* **Given data**
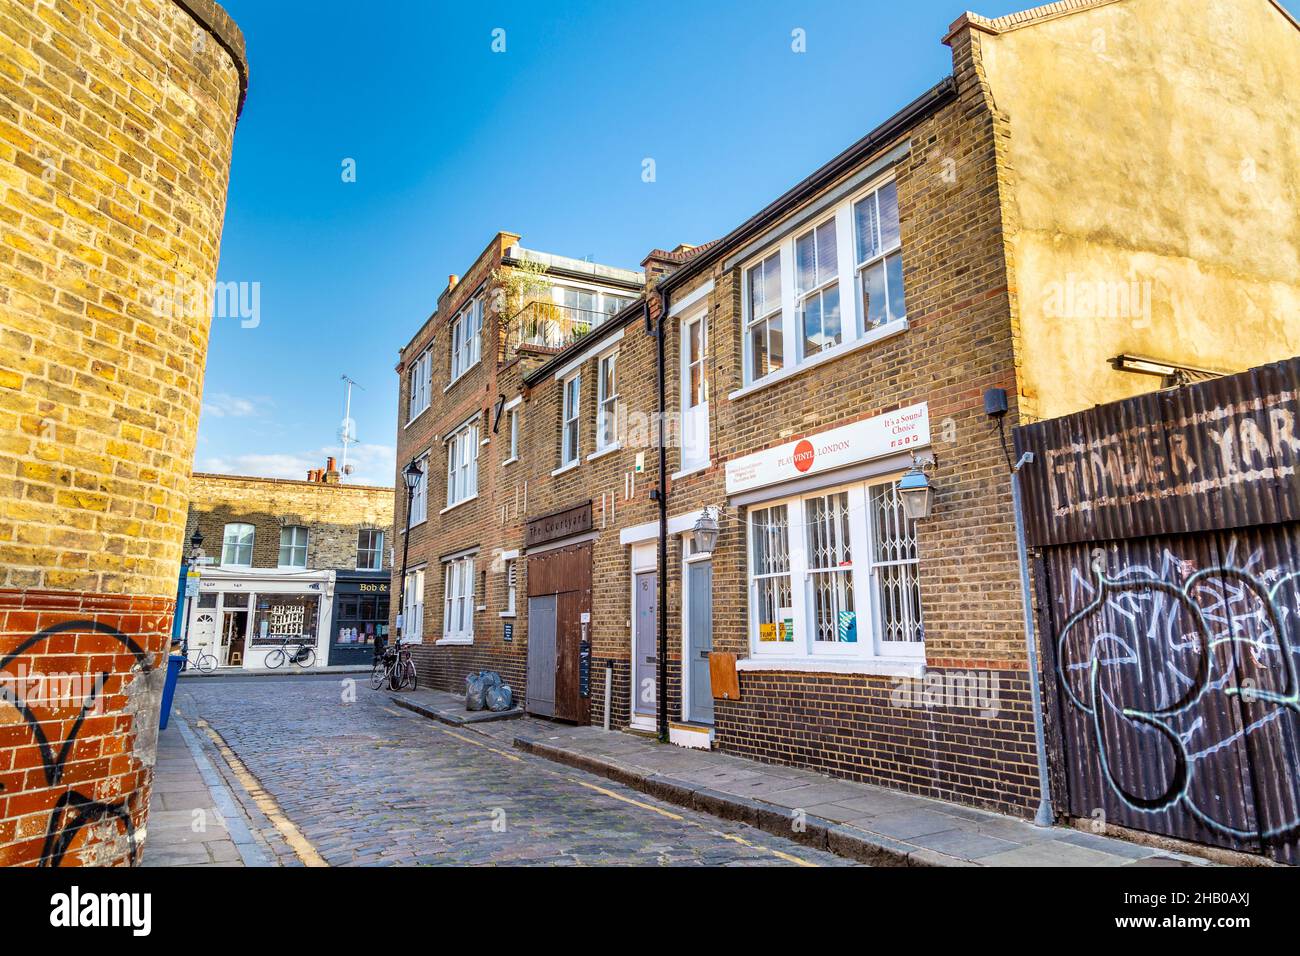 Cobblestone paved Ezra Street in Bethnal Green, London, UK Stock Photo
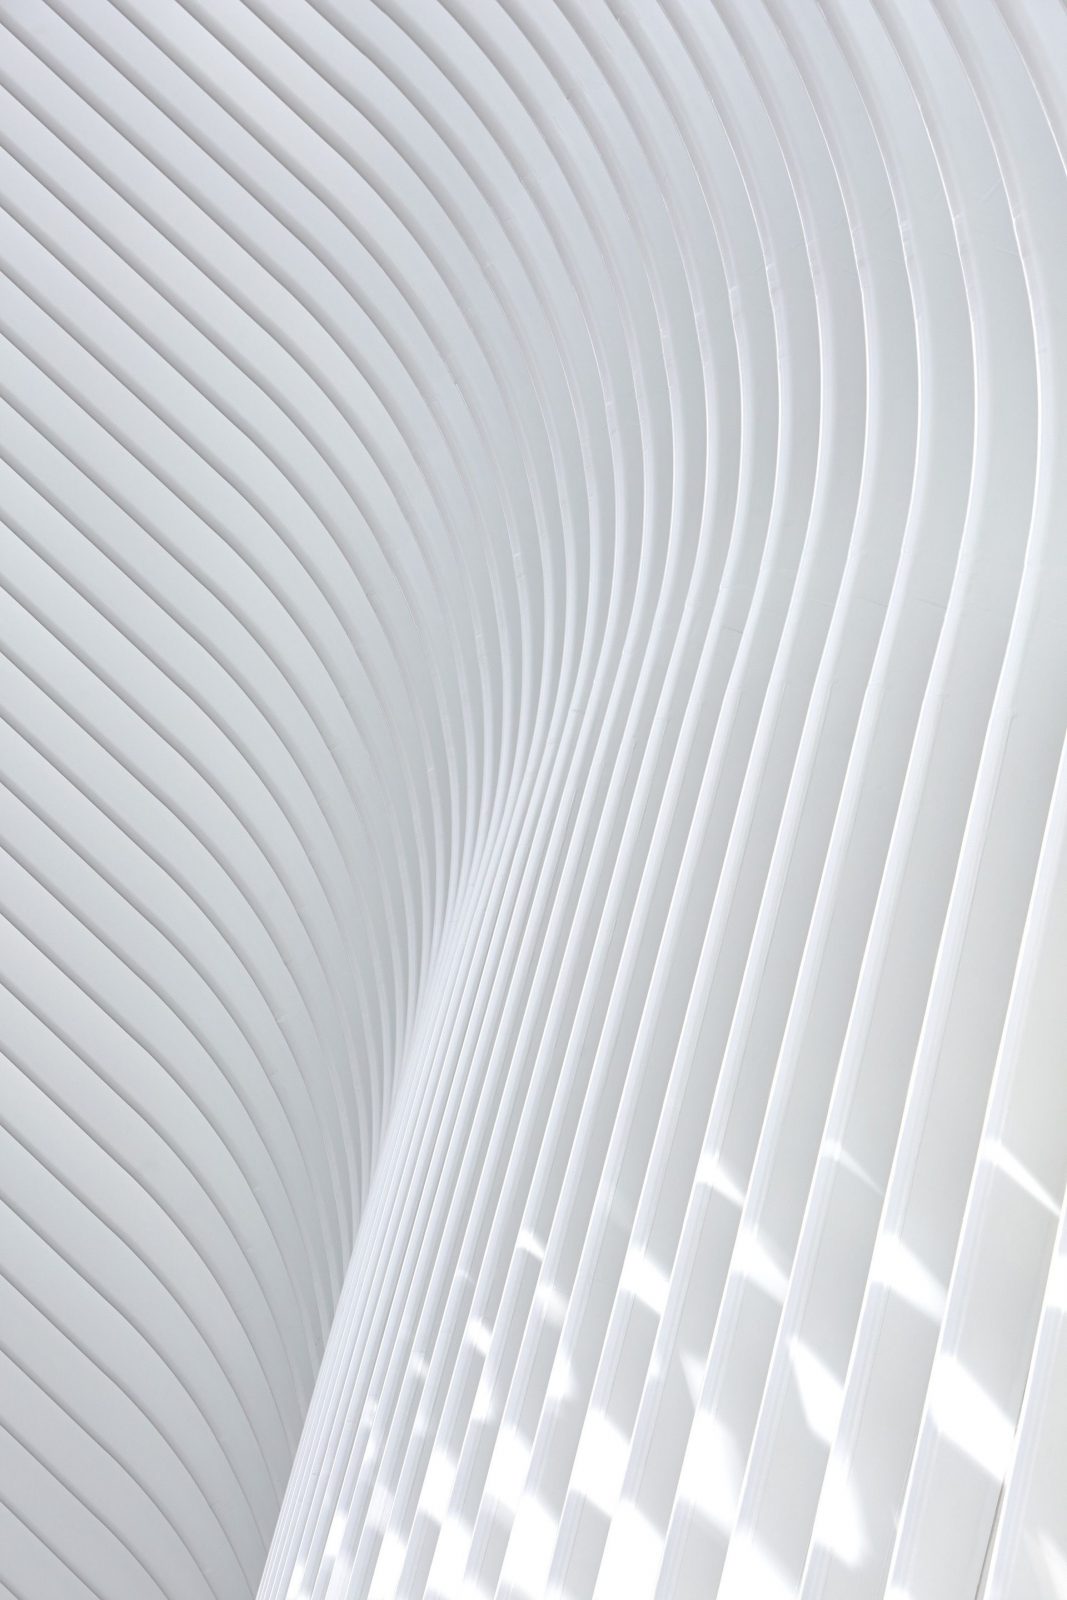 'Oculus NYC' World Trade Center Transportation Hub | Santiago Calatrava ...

* * *

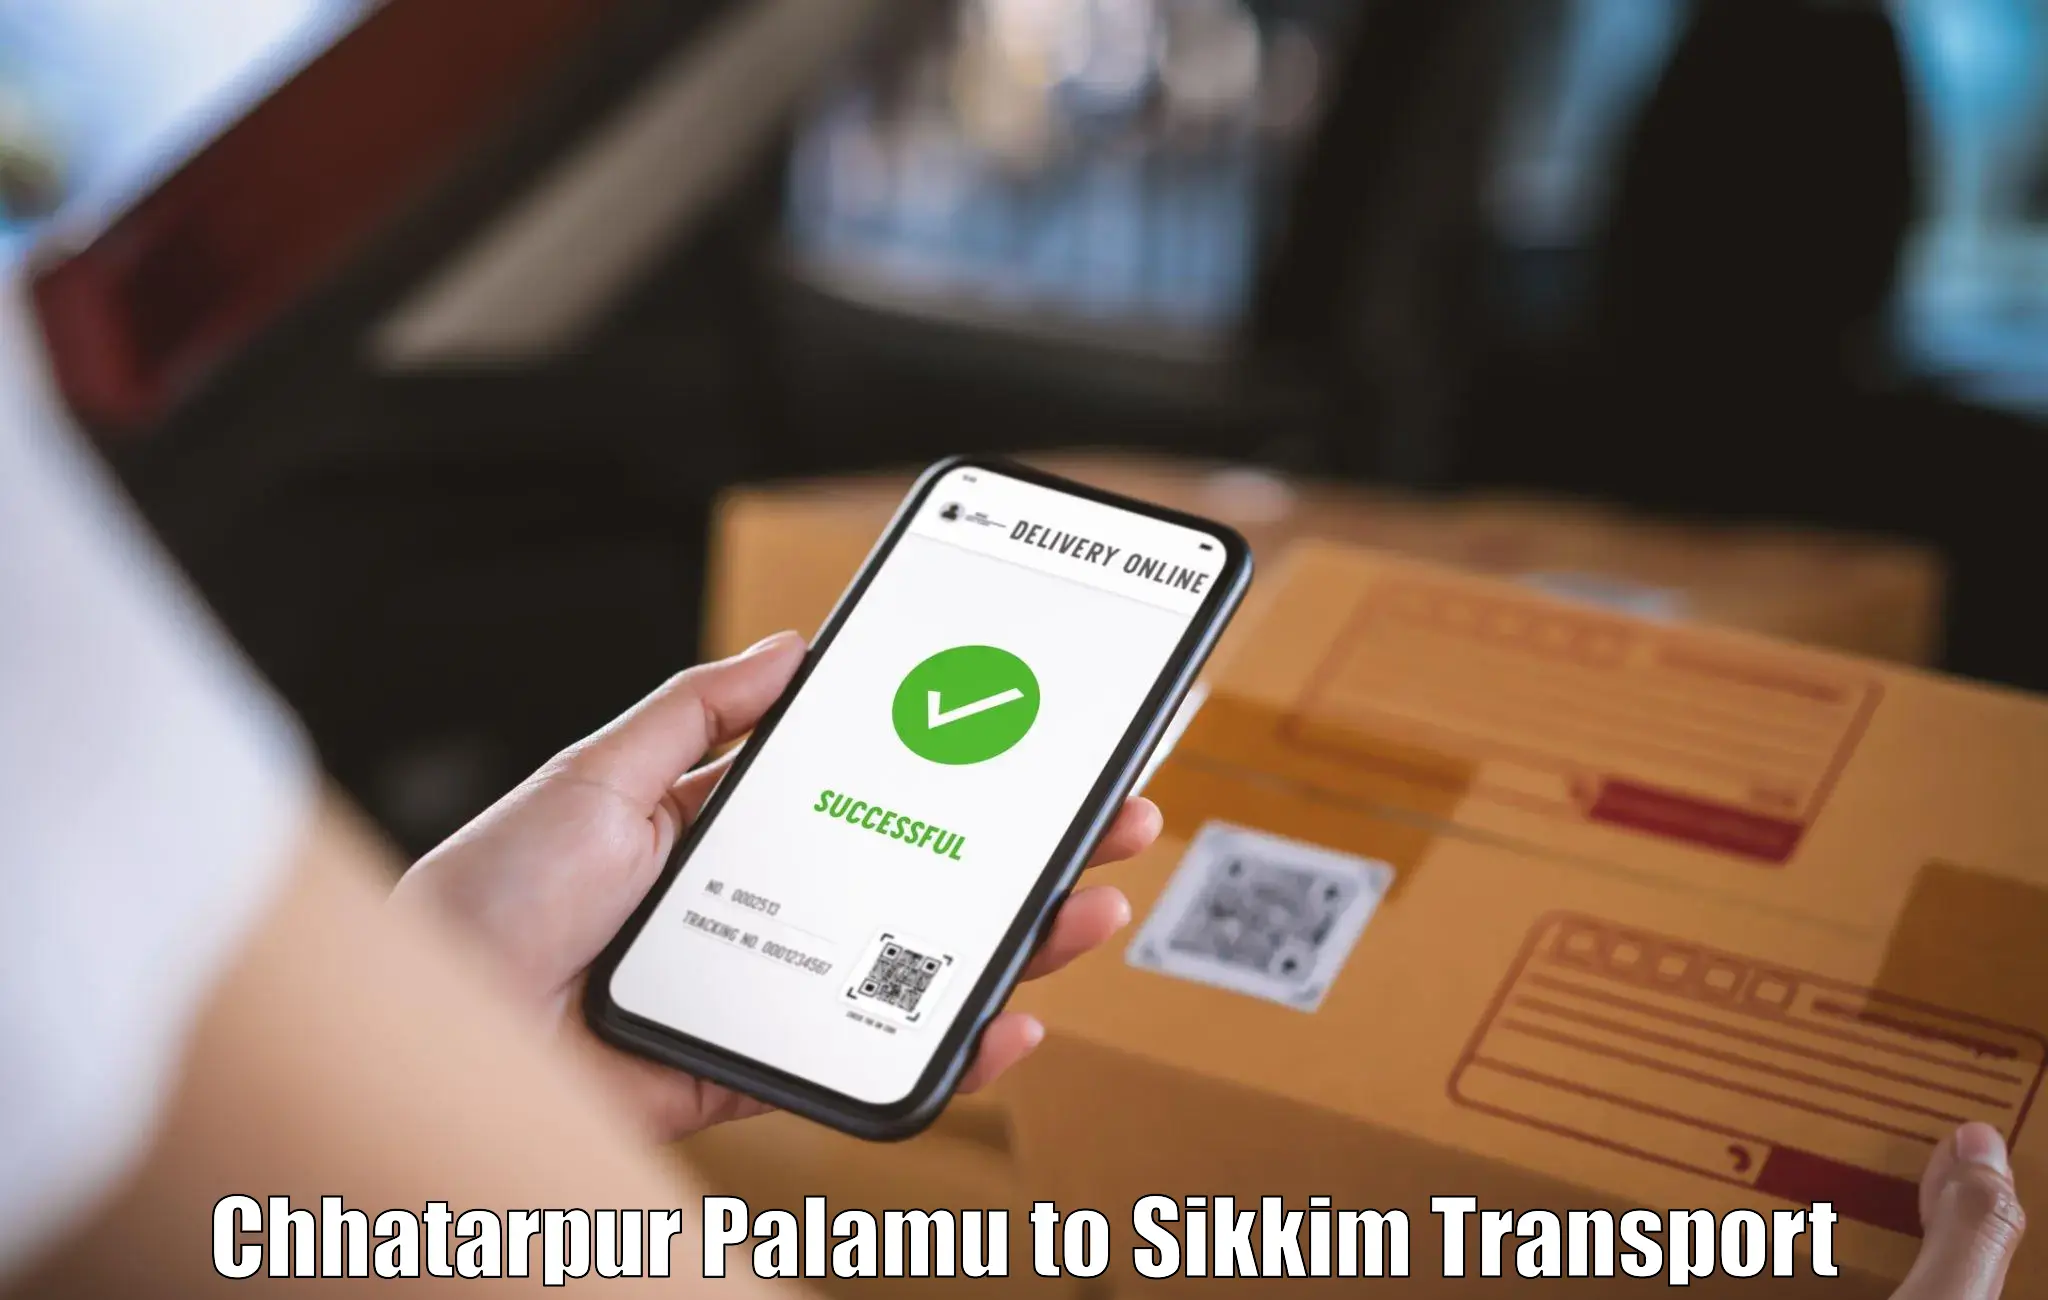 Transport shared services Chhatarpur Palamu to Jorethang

* **Prompt**
Though the entries above contain pictures, none should be copied; reproduce only the lines between the one holding "Cobblestone paved Ezra" and the one holding "Santiago Calatrava ...", inclusive, exactly as written.

* **Response**
 Cobblestone paved Ezra Street in Bethnal Green, London, UK Stock Photo
 'Oculus NYC' World Trade Center Transportation Hub | Santiago Calatrava ...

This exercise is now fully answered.